For this data to be understand, I utilized its date features and grouped them based on its day and hour. In this way, I will overpower the inaccuracy for the 2 minutes interval of the GPS logs.

Fig 3. Daily Average Ridership

Daily Average Rides:
- The daily average rides follow a trend, it has 3 on-peaks: 9 AM, 1 PM, 7 PM
- 3 off-peaks: 11 AM, 5 PM, 11 PM
- For 9 AM, Monday recorded the highest ridership, with a 701 average rides.
- For 1 PM, Tuesday the is highest, with 618 average rides.
- For 7 PM, Wednesday recorded a 662 average rides.
- For a month basis, we will divide this ridership in 4 days:
  - 175 cars for every monday morning
  - 155 cars for every tuesday afternoon
  - 166 cars for every wednesday evening
- Assuming every ride has 1 passenger/commuter, it will require a 175 car to transport 1 person from its origin to destination.
- If we compressed this by 4 passengers if ride sharing is implemented, it will require approximately 43 cars in monday morning
- If we compressed this by 60 passengers, if they used a bus or shuttle service, it will require 3 buses to transport the 175 passengers.

II. Stay Point Identification

A stay point is a location identified from multiple GPS logs based on specific criteria. The GPS logs within this location are averaged to determine its latitude and longitude.

A. Criteria

Define a radius for the basis of the stay point.
Feed the GPS data into a loop, and test each point against the following conditions:
- time_stayed ≥ minimum_time_to_stay
- distance_changed ≤ threshold_distance
Starting from the initial GPS point, measure the distance to subsequent GPS logs. If the distance exceeds the threshold_distance, exit the loop.
Compute the stay point’s latitude and longitude by averaging the GPS logs that meet the criteria.
Calculate the cumulative time and cumulative distance for the stay point.
Proceed to the next point to feed in the loop.

B. Pseudo-code

class StayPointIdentification:
    def __init__(self, data, cutoff_distance, minimum_time):
        # Initialize variables
        self.gps_data = data
        self.cutoff_distance = cutoff_distance
        self.minimum_time = minimum_time
        self.staypoints = self.identify_staypoints()
        self.staypoints_df = self.to_dataframe()

    def centroid(self, latitude, longitude):
        # Compute centroid of given latitude and longitude lists
        if len(latitude) == 1:
            return sum(latitude) / len(latitude), sum(longitude) / len(longitude)
        return sum(latitude) / (len(latitude) - 1), sum(longitude) / (len(longitude) - 1)
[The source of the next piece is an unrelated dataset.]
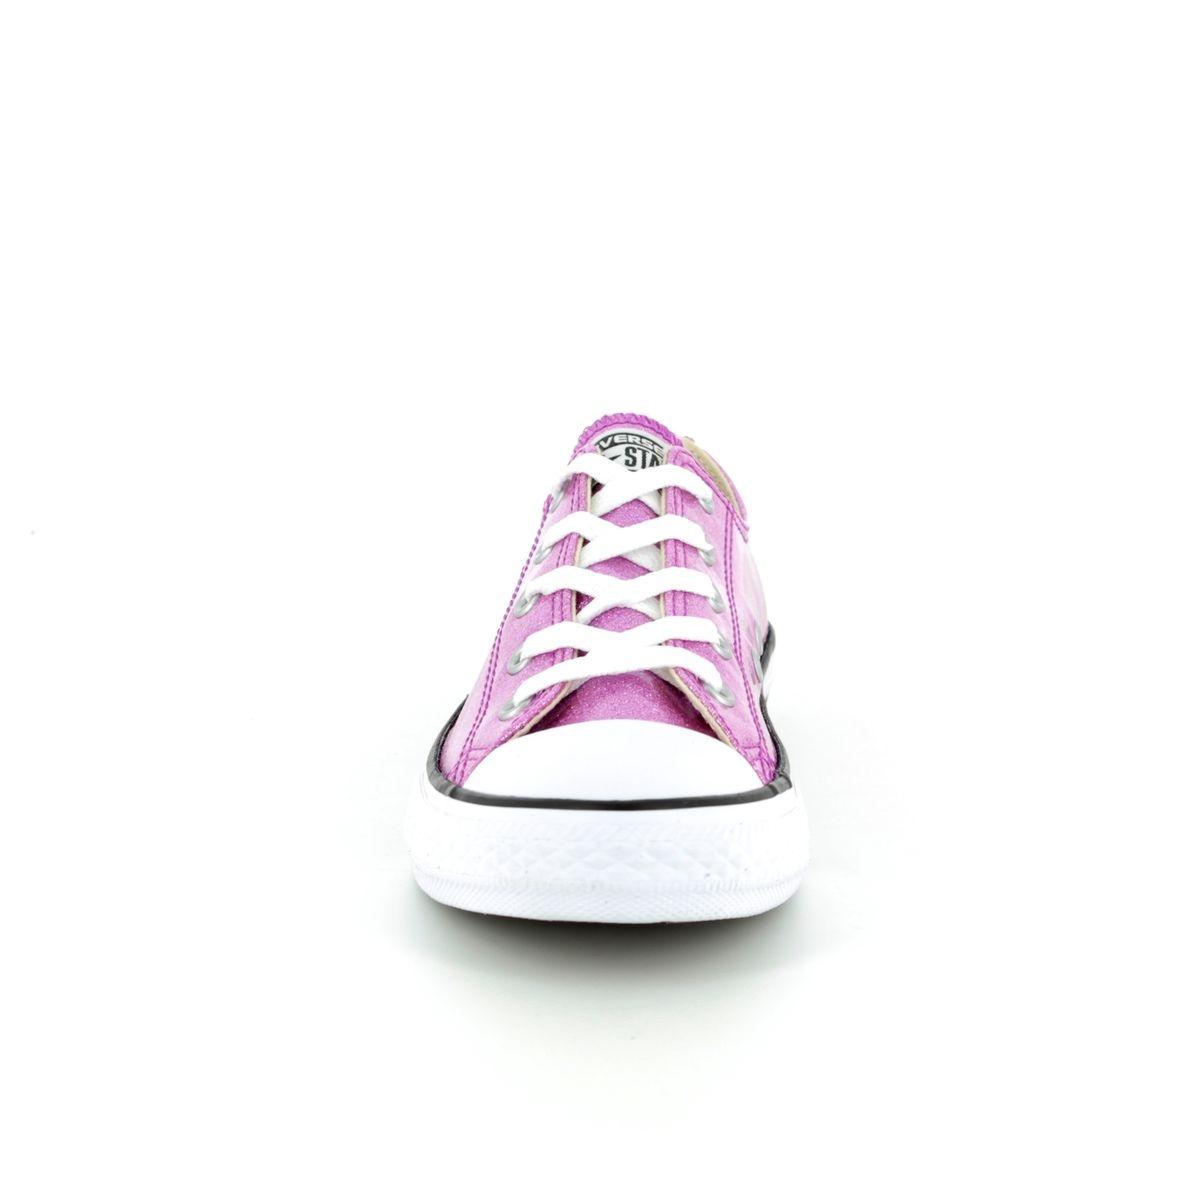 d219879979315f Converse All Star Ox Jnr 660047C Pink Glitter Lacing Trainers

    def radian(self, point):
        # Convert point to radians
        return float(point) * math.pi / 180.0

    def haversine_distance(self, lat1, lon1, lat2, lon2):
        # Calculate Haversine distance between two GPS points
        radius = 6371  # Earth radius in km
        phi1, phi2 = self.radian(lat1), self.radian(lat2)
        delta_phi = phi2 - phi1
        delta_lambda = self.radian(lon2) - self.radian(lon1)
        
        # Haversine formula
        a = sin(delta_phi / 2)**2 + cos(phi1) * cos(phi2) * sin(delta_lambda / 2)**2
        c = 2 * asin(sqrt(a))
        return radius * c

    def identify_staypoints(self):
        # Identify staypoints based on cutoff distance and minimum time
        staypoints = []
        for each point in gps_data:
            if distance <= cutoff_distance and time_interval >= minimum_time:
                staypoints.append(compute_centroid())
        return staypoints

    def to_dataframe(self):
        # Convert staypoints to a dataframe, filtering by minimum time
        dataframe = convert_to_dataframe(self.staypoints)
        return filter_dataframe_by_time(dataframe, self.minimum_time)

Fig 4. Result of Stay Point Identification

III. Spatial Clustering

a. Density-Based Spatial Clustering of Application with Noise

Fig. 5 DBSCAN Spatial Results

Fig. 6 DBSCAN Cumulative time vs Cumulative Count

b. Hierarchical Clustering

Fig 7. Dendogram

Fig 8. Hierarchical Spatial Results

Fig 9. Hierachical Cumulative time vs Cumulative Count

c. Insights

High Cumulative Count, High Cumulative Time: This combination may indicate areas of high traffic density and prolonged dwell time, where there is a lot of activity happening. These areas may be urban centers, shopping districts, or entertainment venues.
Low Cumulative Count, Low Cumulative Time: This combination may indicate areas of low traffic activity, where there is little movement or activity happening. These areas may be remote or less populated regions.
Cumulative count is low and the cumulative time varies: it suggest that the area is not heavily trafficked but that there are some events or activities that draw people to the area for varying amounts of time

IV. Recommendations

High-Demand Areas: Areas with high demand for taxis can be targeted for investment in public transit system such as point-to-point bus system. The stay points within Antipolo, Taguig, and QC can be redesign to have this bus system and connect them to the main transport network such as the MRT and EDSA Busway. In this way, commuters will be encourage to use public transport that offers minimal the transportation cost and time in changing modes.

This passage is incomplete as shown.